The dialogue-laden film moves like a drawn-out confession: both Victor and the priest, Father Peter (Colm Meaney), are broken, widowed parents estranged from their children. While Father Peter is extracting information from Victor – who is this mysterious person? – A fellow injured cop named Willow (Claire-Hope Ashiti) hides in the church closet to find the perfect moment to strike. In meat-and-potato shootouts, cinematographer Andrew Roger relies on wide shots and ominous blue lighting to give them a melancholic edge. Never fussy, Confessions feels like a tiny miracle of action.
“The Last Son”
Rent or buy on most major platforms.
I love dark westerns, especially those that explore the archetypes of the genre: Unforgiven, The Wild Bunch, Homebody, and so on. Directed by Tim Sutton, The Last Son, a gruesome, remorselessly violent tale, aims at more moderate targets but moves with the same vigor.

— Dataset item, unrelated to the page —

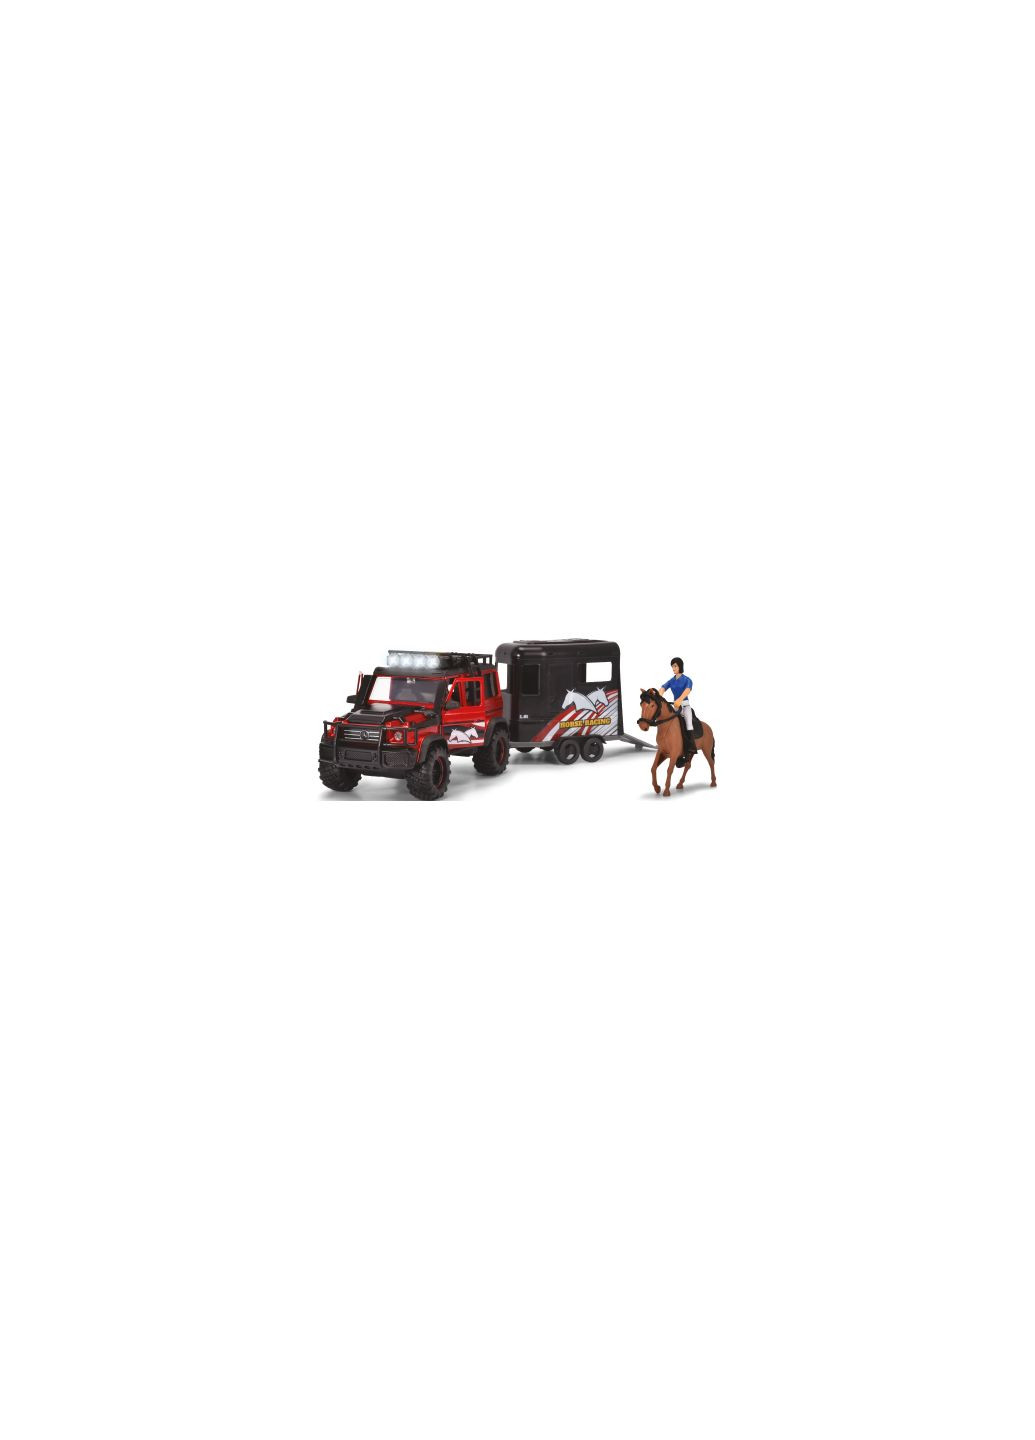 Игровой набор Перевозка лошадей с внедорожником 42 см и фигурками (3837018) Dickie toys перевезення коней з позашляховиком 42 см та фігурк (275456727)

Borrowing Shakespearean vanity, Greg Johnson’s screenplay begins with the legend of Isaac LeMay (Sam Worthington), a ruthless marksman hired by the army to clear the plains of their native tribes. He caroused with women wherever he went, leaving offspring in almost every city. A Cheyenne chief’s prophecy – one of the outlaw’s children will kill him – leads him to scour the countryside to destroy his relatives.
Cold-blooded racist killers like LeMay are slowly disappearing from the Western landscape, as are the people who come to kill him: the bounty hunters, his bank robber son Cal (Machine Gun Kelly) and his quiet daughter Megan (Emily Marie Palmer) , subversion. genre. When these disparate characters cross paths, the animated final showdown between them, which involves a Gatling gun, turns into a bloody, wondrous mess.
“Profession: Rain”
Stream it on Netflix.
In the not too distant future, the last human survivors living on a devastated land are determined to fight the invading alien races to their last breath. Occupation: Rain, writer-director Luke Spark’s sequel to his film Occupation, takes place two years after the invasion. Some aliens, like Harry (Lawrence Makoar), have risked everything by teaming up with their human enemies to protect the planet. But earthlings not only do not trust their interstellar comrades, but also despise them.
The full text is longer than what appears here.